Há muitas e muitas e muitas pessoas com essas características.
Percebemo-las tão logo abrem a boca, pela pobreza do seu
vocabulário. Ou então, pela utilização de palavras fora do devido
contexto, o que indica que as leram em algum texto qualquer, mas
passaram longe de entender o significado.
Estudos indicam que cerca de 65% das doenças que abarrotam
hospitais e consultórios médicos são de fundo psicossomático. Ou
seja – fugindo dos eufemismos e trocando em miúdos – são
“imaginárias”. Estivessem, essas pessoas, empenhadas em
atividades úteis e produtivas, não teriam tempo para essas
elucubrações negativas.
Boa parte dos medicamentos que os médicos receitam para esses
pacientes são placebos. Ou seja, são constituídos de substâncias
neutras, que nem beneficiam e nem prejudicam o organismo. E faz
sentido. Afinal, a origem dos seus males não está no corpo, mas em
suas cabeças desorientadas. Estas, portanto, é que têm que ser
tratadas.
Para sabermos muitas coisas, de fato, mas em profundidade e não
apenas de forma superficial, temos que vivê-las. Não importa que o
nosso trabalho seja considerado “menor”, desde que seja útil.

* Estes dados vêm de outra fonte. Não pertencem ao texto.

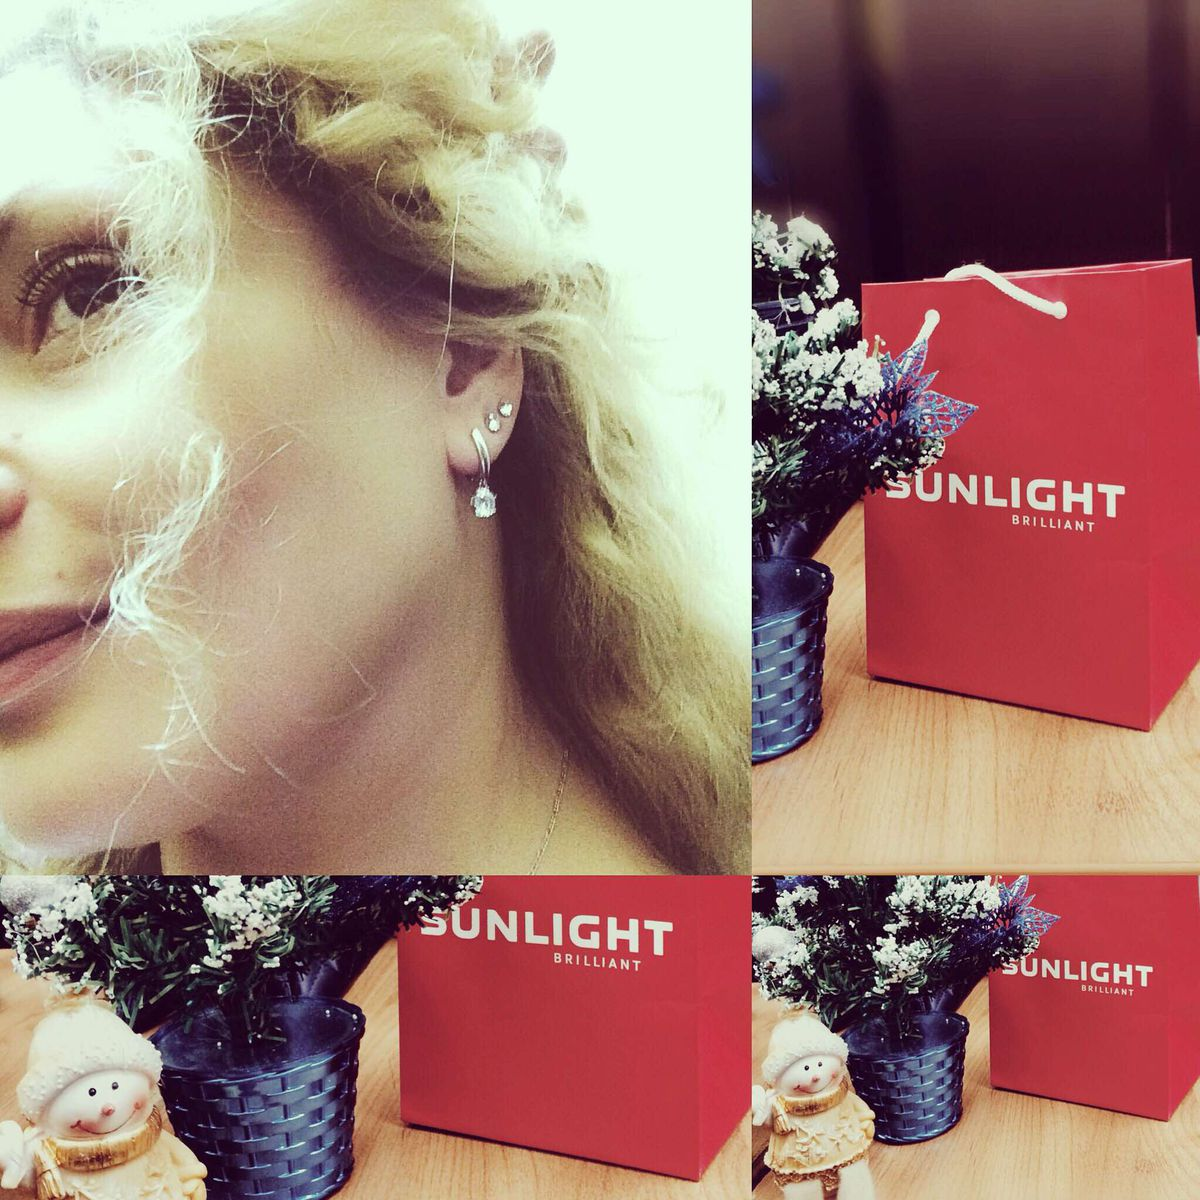 Серьги от SUNLIGHT

Quem pode afirmar, por exemplo, que a função do lixeiro não é
nobre? Deixe uma cidade sem ele para ver o que acontece!
Portanto, meu jovem amigo, siga os conselhos de Emerson, que sabia o
que dizia. “Gaste” bem os seus anos, de forma proveitosa e
coerente, para não se arrepender quando eles estiverem próximos de
se esgotar. E faça da vida, desta mestra infalível e justa, o seu
mais erudito e mais completo dicionário.